I awoke around 7 a.m. and tried to sit up; however, an invisible, powerful vice seemed to be pinning me to the bed. My face felt oddly tight and my left arm as though an electrical current was silently surging through it. With growing fright and disbelief I tried to roll over. My heart was racing. A lurch to the left found me precariously close to the edge of the bed. I gazed around. Everything seemed as it had been - television, suitcase, socks, leather rucksack, shoes. . ..

I slid off the bed on to the carpet with the thud of a dead weight and tentatively explored my loss of power. My heart was beating hard. I lay heavily - unusually heavily - on my left side. I realised that I could not move my left leg, or my left arm. One side of my face felt tight and numb, as if anaesthetised.

Comprehensive destruction seemed to have been wreaked on my body.

I felt an almost irresistible desire to shut my eyes and reawaken in a sane world where this awful event had not happened. When I next consciously examined my predicament, nothing had changed. I appeared to be still alive. My body still seemed powerless and weak. I tried to struggle upright, but could not stir.

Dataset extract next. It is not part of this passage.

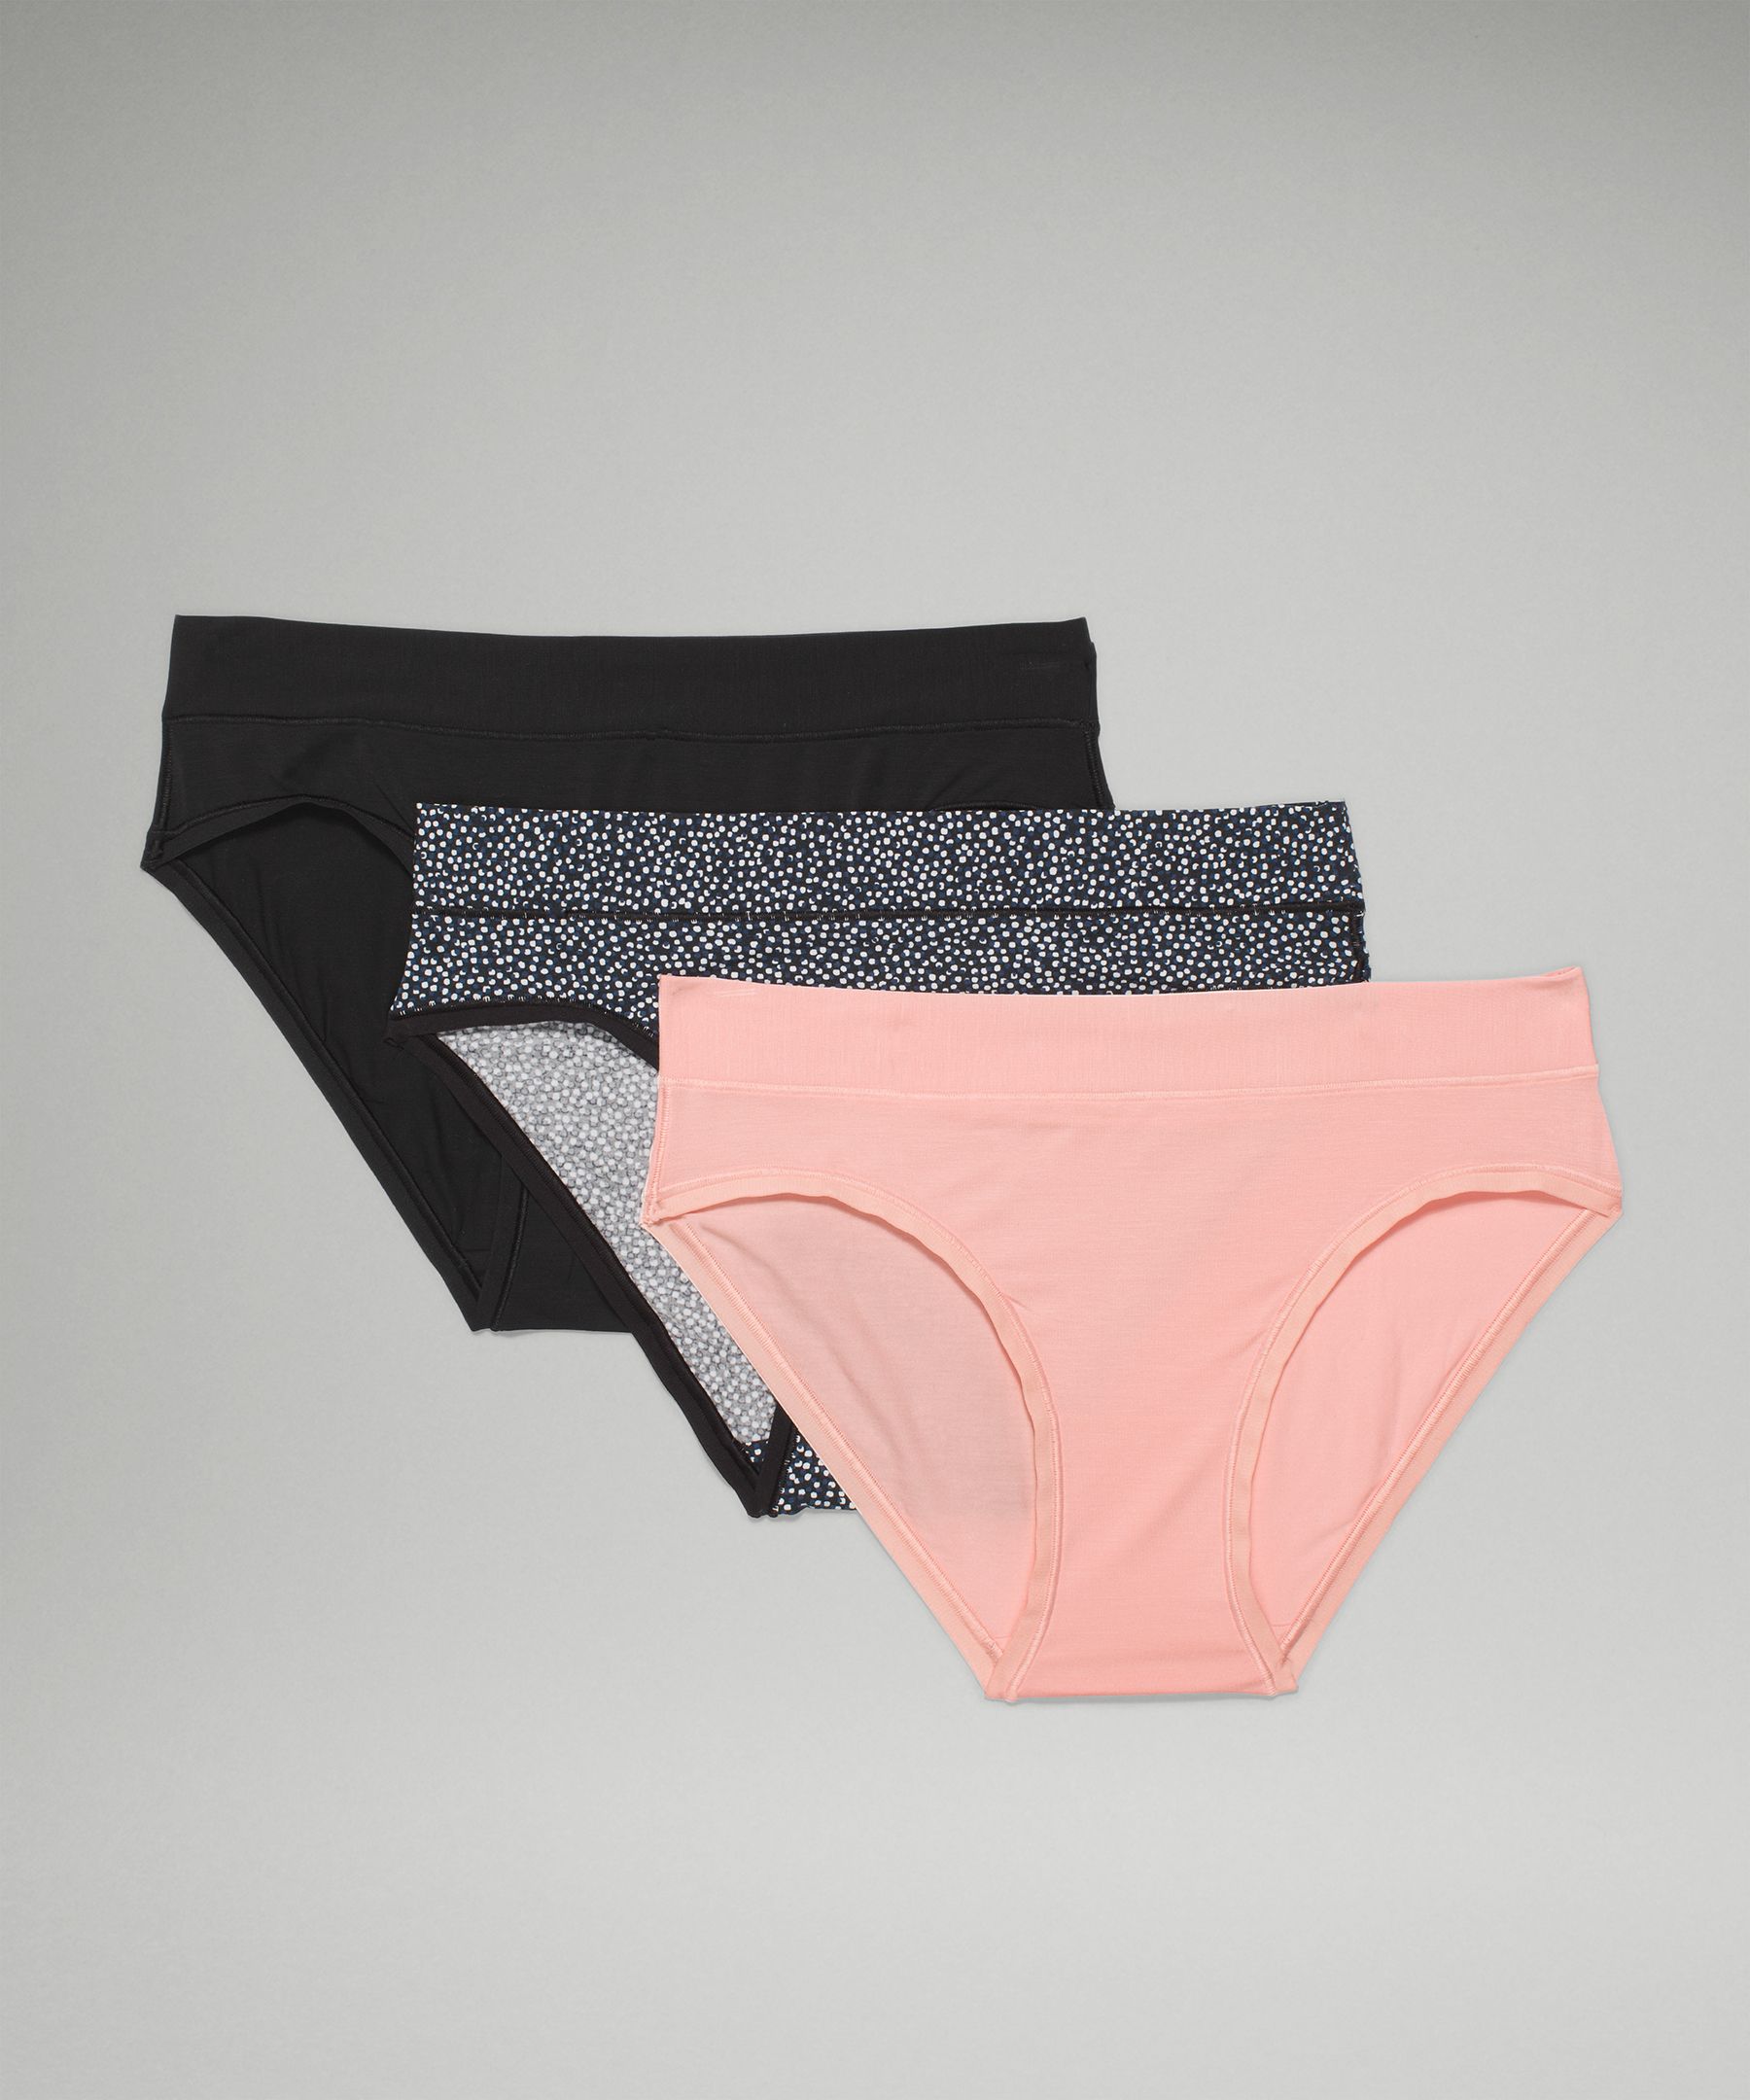 Lululemon Underease Mid Rise Bikini Underwear 3 Pack In Black/pink Mist/double Dimension Starlight Black

My head was close to the bed-side table. I remembered the mobile phone - I could phone Jo - not the anniversary greeting I'd intended, but contact with an English speaker who could share my predicament. I tried my voice, whispering "hello" to the empty room with a strange, weak, detached sound. It took a few seconds for the phone to come fully to life, for me to press "Home" and connect with the familiar UK ringing sound. It was only when Jo's sleepy voice answered that I realised the enormity of what I was doing to her. Norway was an hour ahead of UK time. She was still in bed. I imagined our bedroom with its coombed ceilings, early morning light and drawn curtains. "Jo!" I slurred, "Something awful has happened to my body. Can you contact Iain and ask him to come to the hotel."

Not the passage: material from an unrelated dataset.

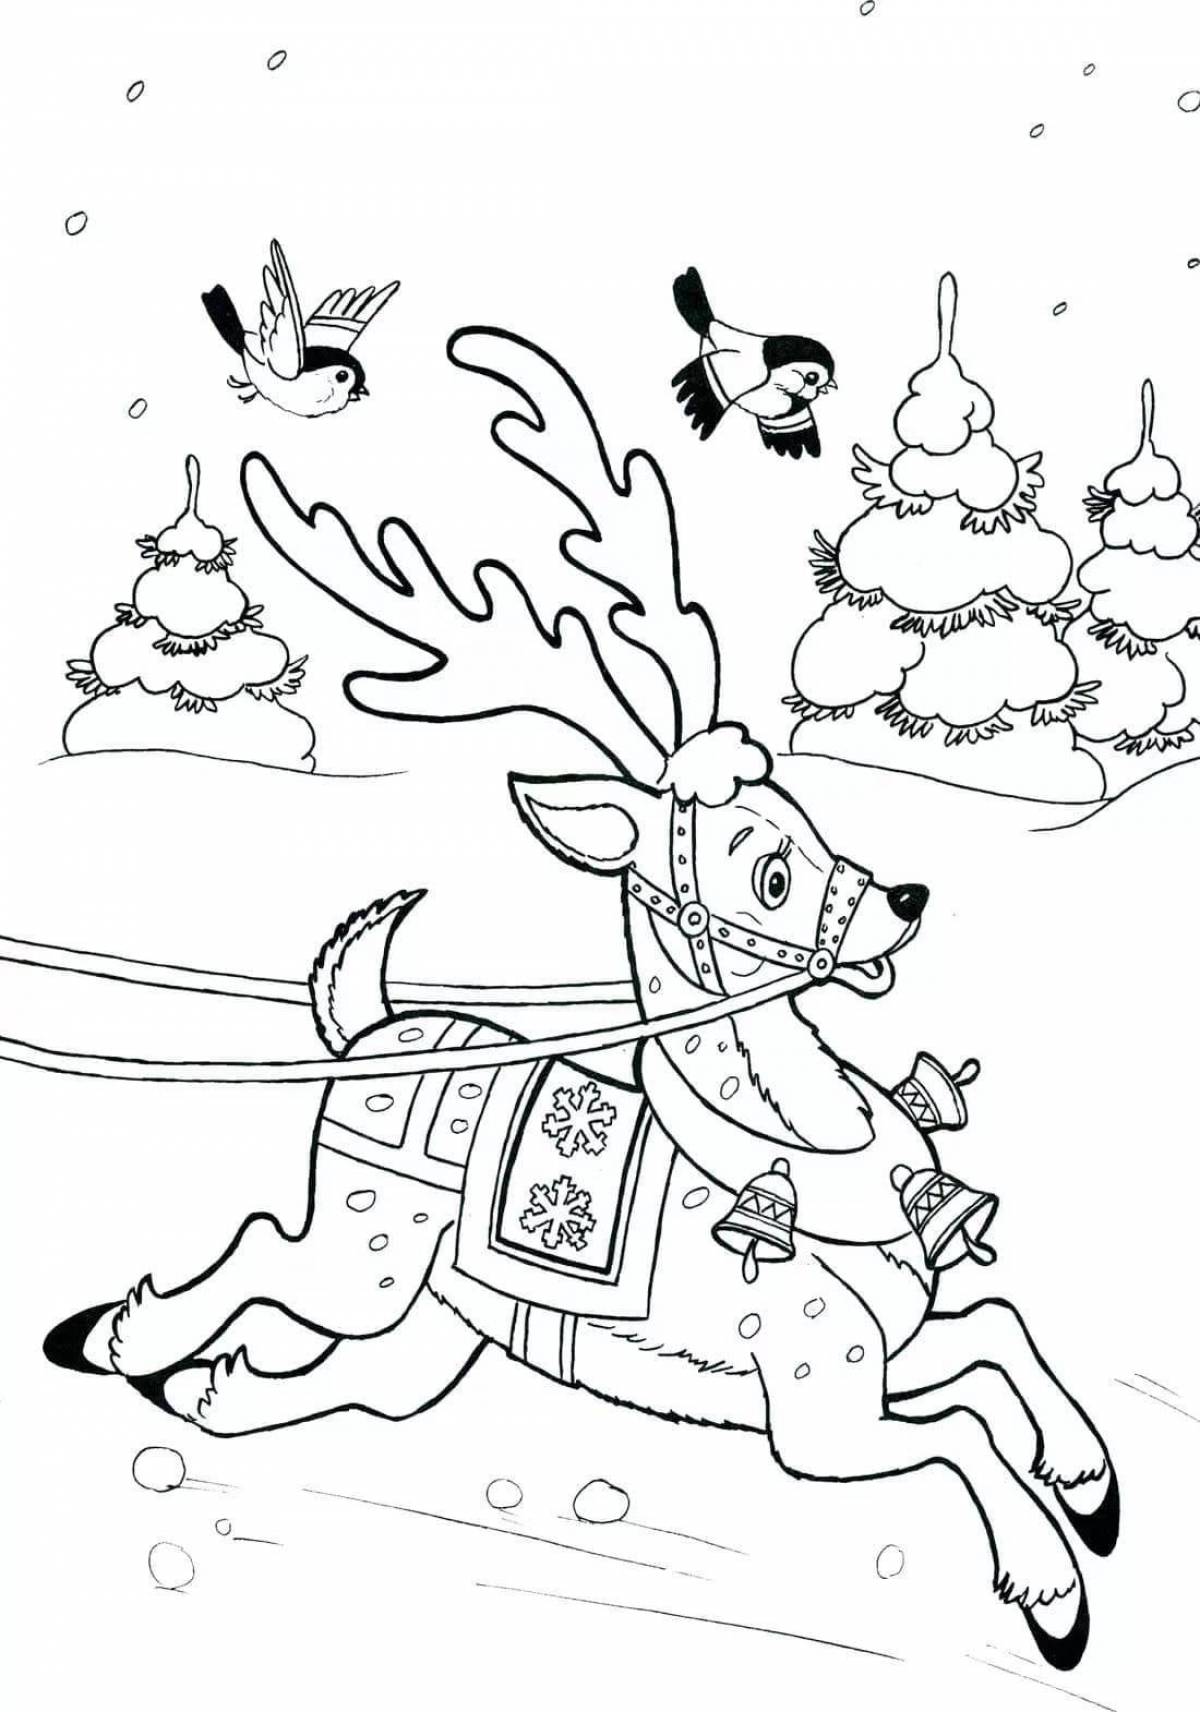 Christmas reindeer coloring page

Could I wait that long? I rang off. Perhaps I could call an ambulance. I just wanted some qualified person to tell me what was wrong. I keyed in 112. A Norwegian voice crackled at the other end. I croaked, "Doctor. I need a doctor. Room 103. Rica Hotel. Gardermoen."

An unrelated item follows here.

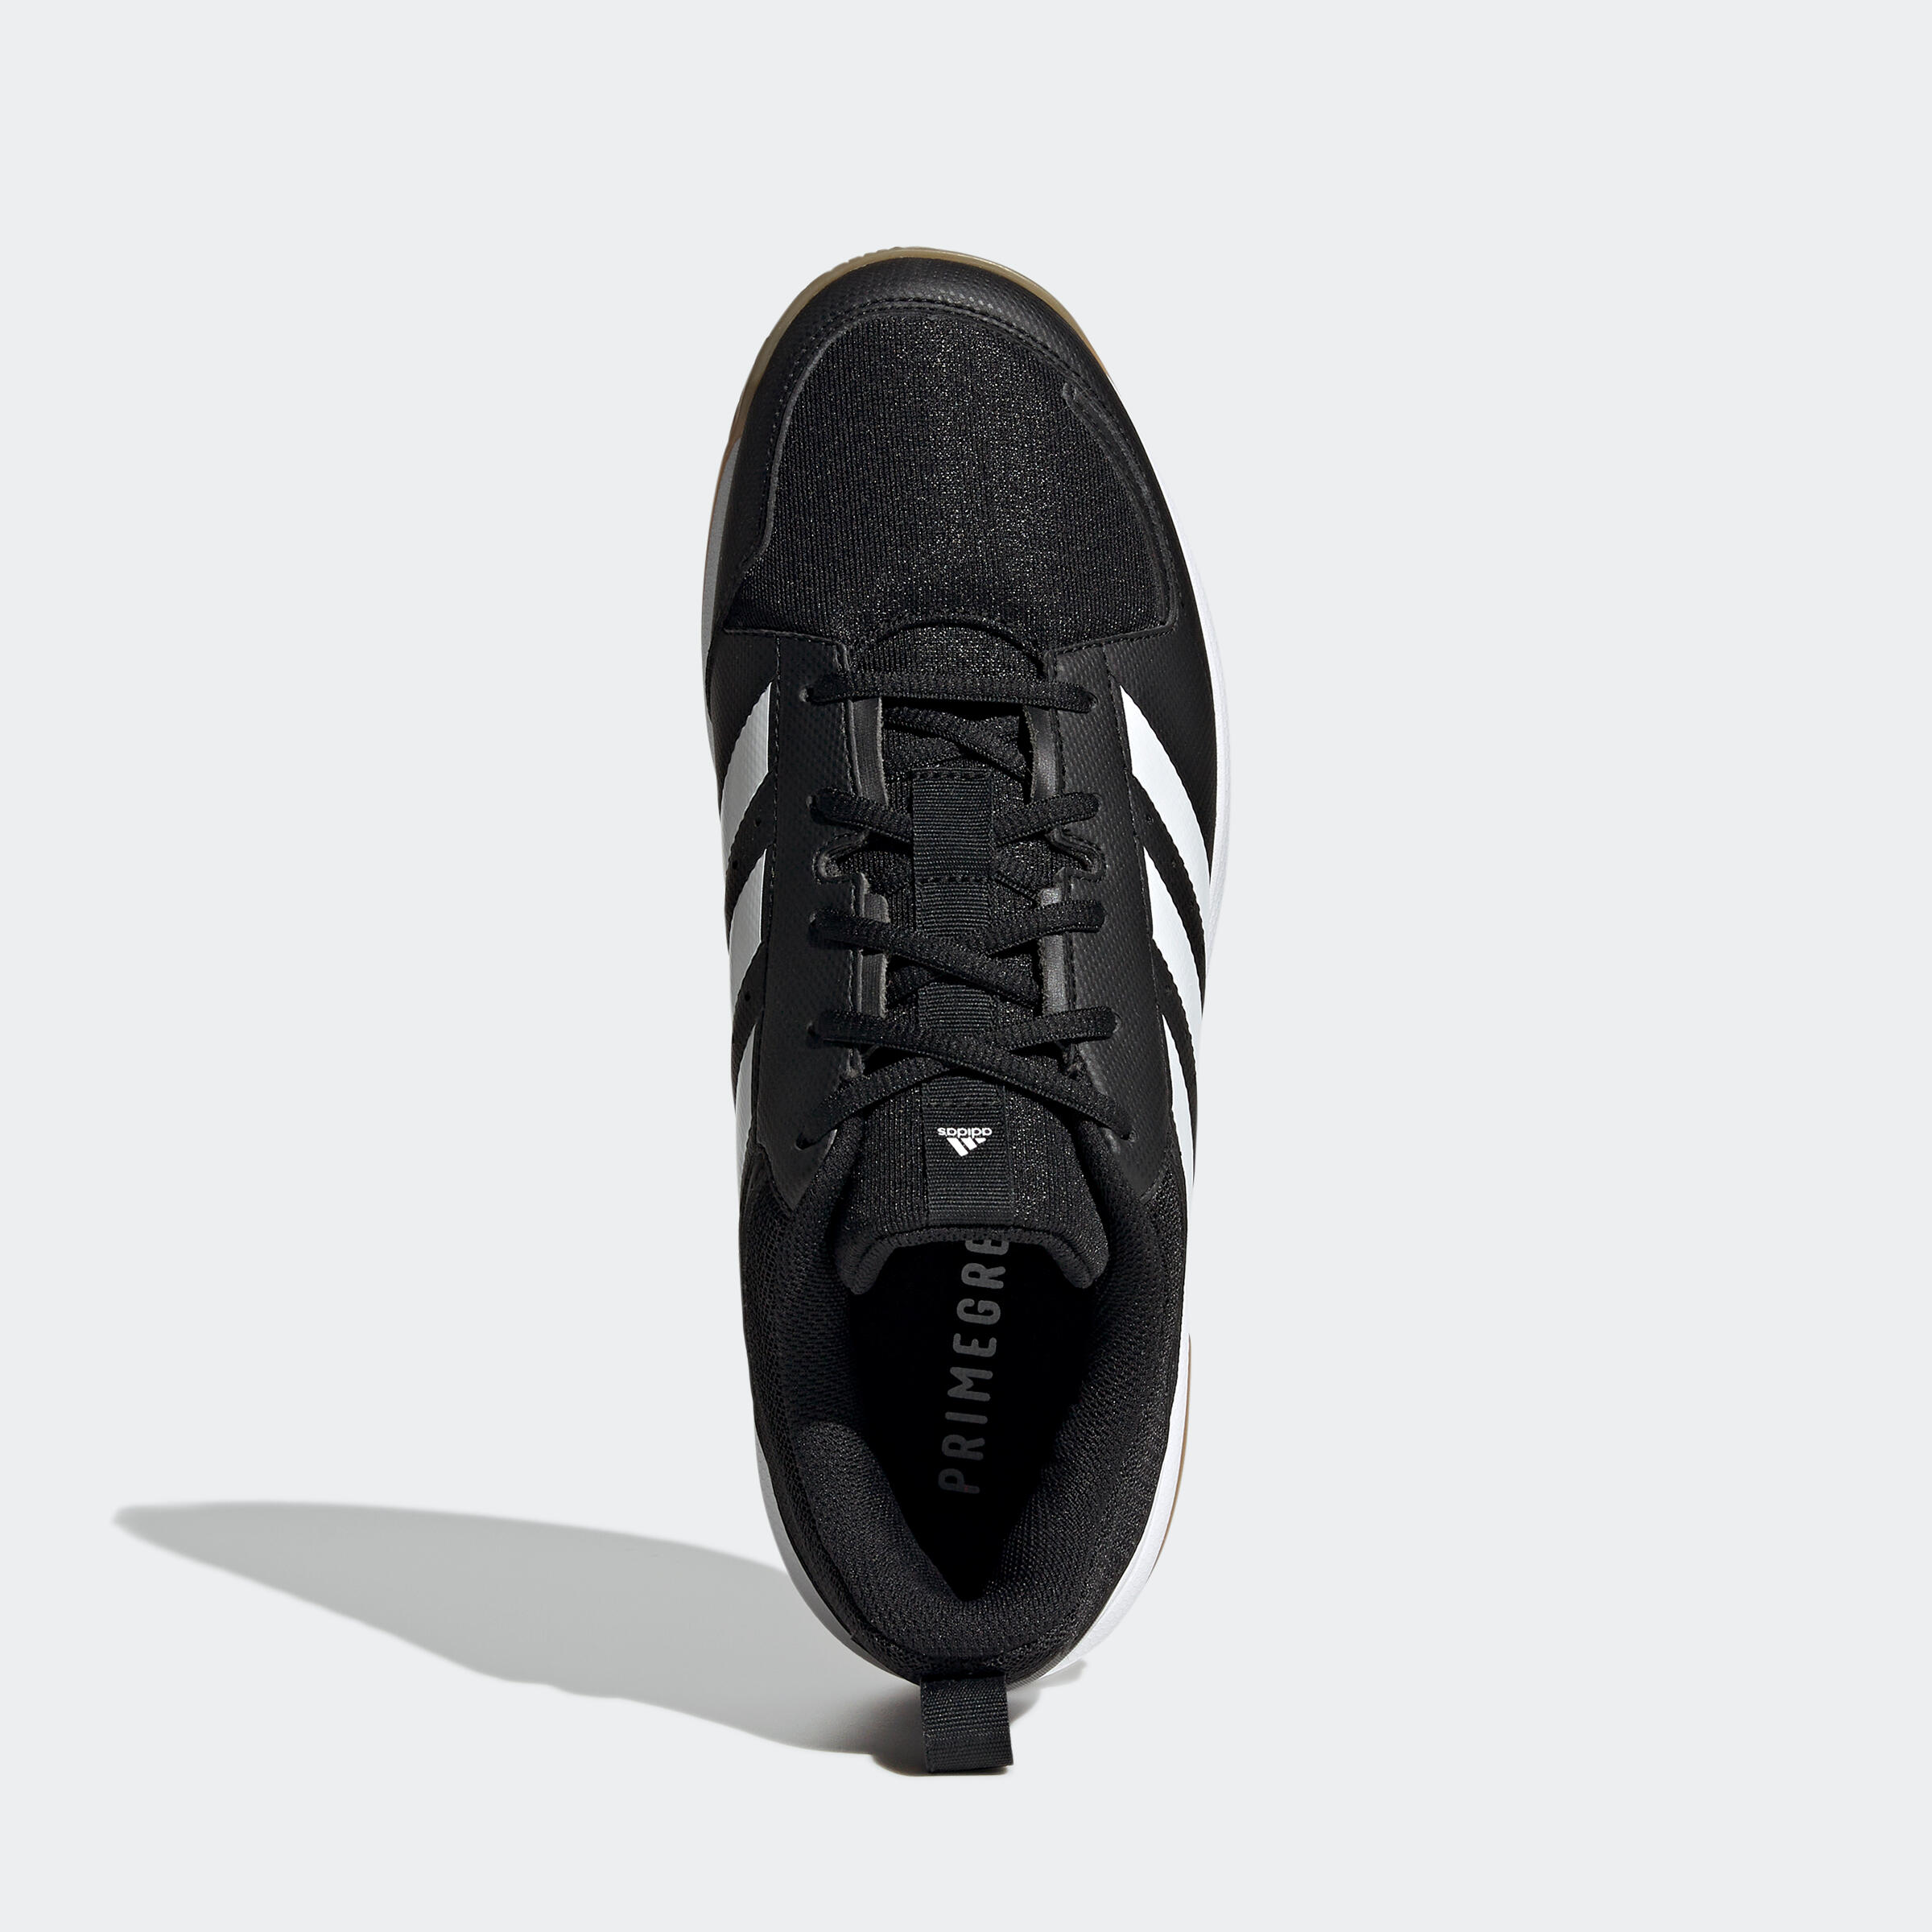 Adult Handball Shoes Ligra - Black 8/10

A few moments later, I appeared to awaken from sleep - the hotel receptionist was standing beside me, seeming impossibly tall and far away.

She said, "The ambulance will soon be here."

So things were happening. Somewhere a system was springing into action. I lay back on the carpet, feeling weak, ill, tired and no longer in control. A great wave of regret engulfed me. I thought of our home in Glen Dye, of Jo, wakened so crudely. Though I wanted to tell her everything was okay, I was convinced that I was dying, that my face on a rough Norwegian hotel carpet would be my final living sensation. I was confronting death, and was not proud of the fear and regret I felt.

Two green-uniformed paramedics stood over me. They were asking questions, but I seemed able only to weep. It didn't seem to matter. They were gently sliding me on to a stretcher. Iain was in the room. Like the receptionist, he seemed pale, tall and far away. I wept again.

The paramedics slid me on to a trolley, and pushed me across the room. I am six feet tall and could not accept viewing the world from two feet and watching events from a prone position. The trolley was in the corridor, accompanied by an army of marching feet. We rolled and marched into the crowded dining area, adjacent to the main reception. I was aware of the curious gaze of family groups sitting at tables. Bright Nordic sunshine. A waiting ambulance. Iain and a paramedic scrambled in to the back beside me.

The motion of the ambulance made me nauseous and it was hard to concentrate on what the paramedic was saying. Something about blood oxygen. A mask was over my mouth and nose. The swaying ambulance and the fact that I was tied down into a lying position reminded me that, however much I might like to be viewing events from the outside, I was very much involved. "I know what this is," said the paramedic. But he either did not know the English word, or else felt it was such a dread disease that he should not mention it aloud. The word "stroke" hovered in my mind but I could not absorb this in any meaningful way.

Sadness, bereavement and horror engulfed me again. As the ambulance rolled bumpily into Oslo, I wept unrestrained heaving sobs that I could not bring under control.